Now, about the Russians angle, here: I’m willing to believe that this is probably developed by a nation-state. It’s expensive and complicated and is clearly part of a long-term development process. It is far more sophisticated than the stuff we’ve been told about what was used on the DNC: I’d say there’s a high likelihood that if this skill-level of attack was being run on the DNC, they’d still be leaking data like a sieve. Maybe they are! Maybe the whole tool-chain that was “burned” is just a loss-leader – but if someone starts demonstrating that kind of tradecraft, then I’d be more and more likely to believe they were a state-sponsored actor. Of course, if we jam our tinfoil hats firmly on our heads, then we can consider that there’s a very special “tradecraft of no tradecraft” like Bruce Lee’s art of fighting without fighting.

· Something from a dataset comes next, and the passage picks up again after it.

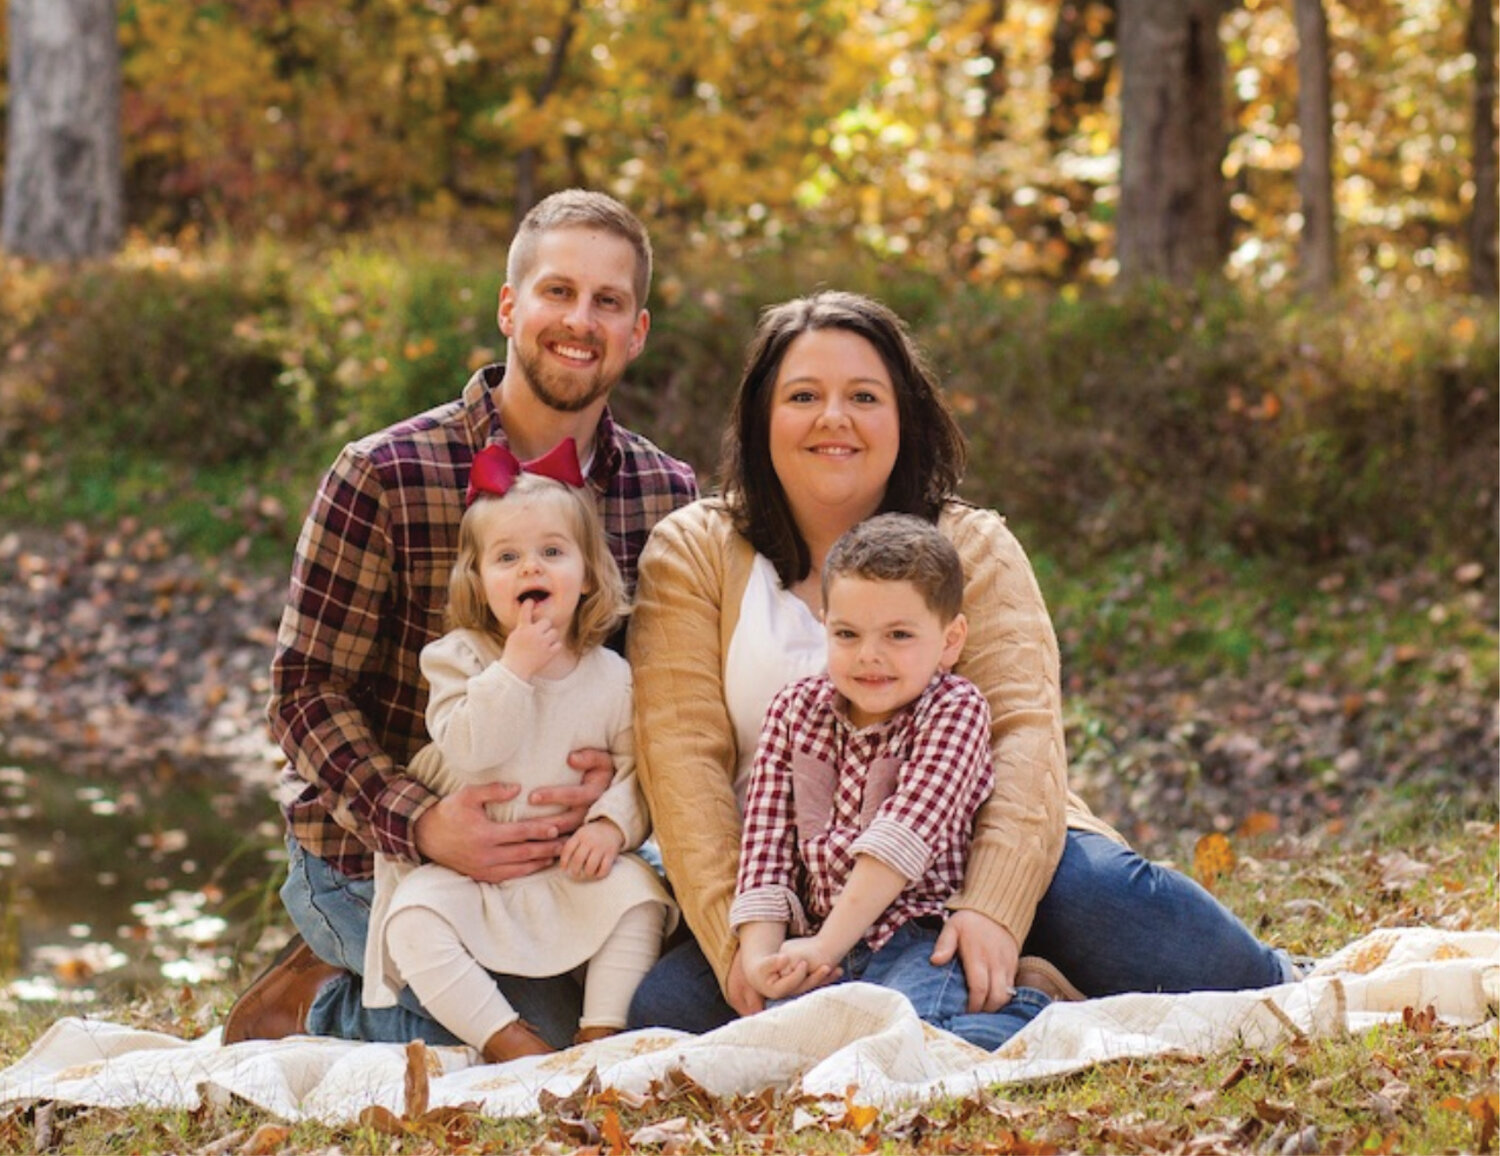 Jared Copeland and his wife, Natasha, live in Spencer with children Maddux, age 5, and Myla, age 2.

RSA talk link: [rsa] The good bit is at 14:00 – Not the best talk I’ve ever given – I was up too late the night before and was exhausted and jet lagged.

One other point: the really good malware is presumably built into firmware of devices: network physical interfaces, WiFi controllers, hard drive controllers, etc. My strong suspicion is that the stuff we see is a great big sideshow of amateur hour. But obviously, I have no way to verify that suspicion. It’s obvious, though: reverse-engineering a microchip is a whole lot harder than reverse-engineering a piece of software, and the software isn’t always easy.

More on Attribution: As I’ve said before, when/if the US Government starts publishing attribution that is of similar quality to the stuff that the Russians (yes, I believe it is them!) are leaking about the NSA and CIA’s tools, then I’ll start accepting that “Russians did X” for some of the breaches that involve attributable tools. For example, until Stuxnet/Flame/Duqu leaked out, if someone said “this attack used Duqu therefore it’s the US” that’s a pretty fair attribution because only the US (and Israel) had Duqu at that time. If someone can conclusively link a piece of malware to the Russians, and it’s being used only by them, then of course it’s them. The problem is: I think that the Russians’ tradecraft is better than the CIA and NSA’s – if anything, they’re smart enough not to sign their work by using their custom shiny toys. But, as soon as you start accepting “does not use the shiny toys” as an example of good tradecraft, then, as Jeff Foxworthy in cyberspace would say: “here’s your tinfoil hat.

Why hasn’t the US done that kind of attribution on the Russians? Maybe it’s not the Russians and they haven’t hit on the bright idea of manufacturing evidence, yet? Maybe it is the Russians and they just know that the American people are clueless gits who will just suck up whatever they’re told? I am genuinely puzzled.

“Guard” was old TCSEC-speak for the analysis module of a “cross-domain solution” – basically a ‘firewall’   But calling a cross-domain solution a “firewall” was guaranteed to get an eye-bugging response out of the classified computing folks. Cross-domain solutions were very expensive and required a lengthy analysis and certification process, back in the day. Now – judging by the kind of leaks that are going on – the intelligence community’s network security posture has loosened considerably.

No, I don’t think Donald Trump’s tweets conceal command/control between him and his Russian handlers. He’s too stupid to have such good tradecraft.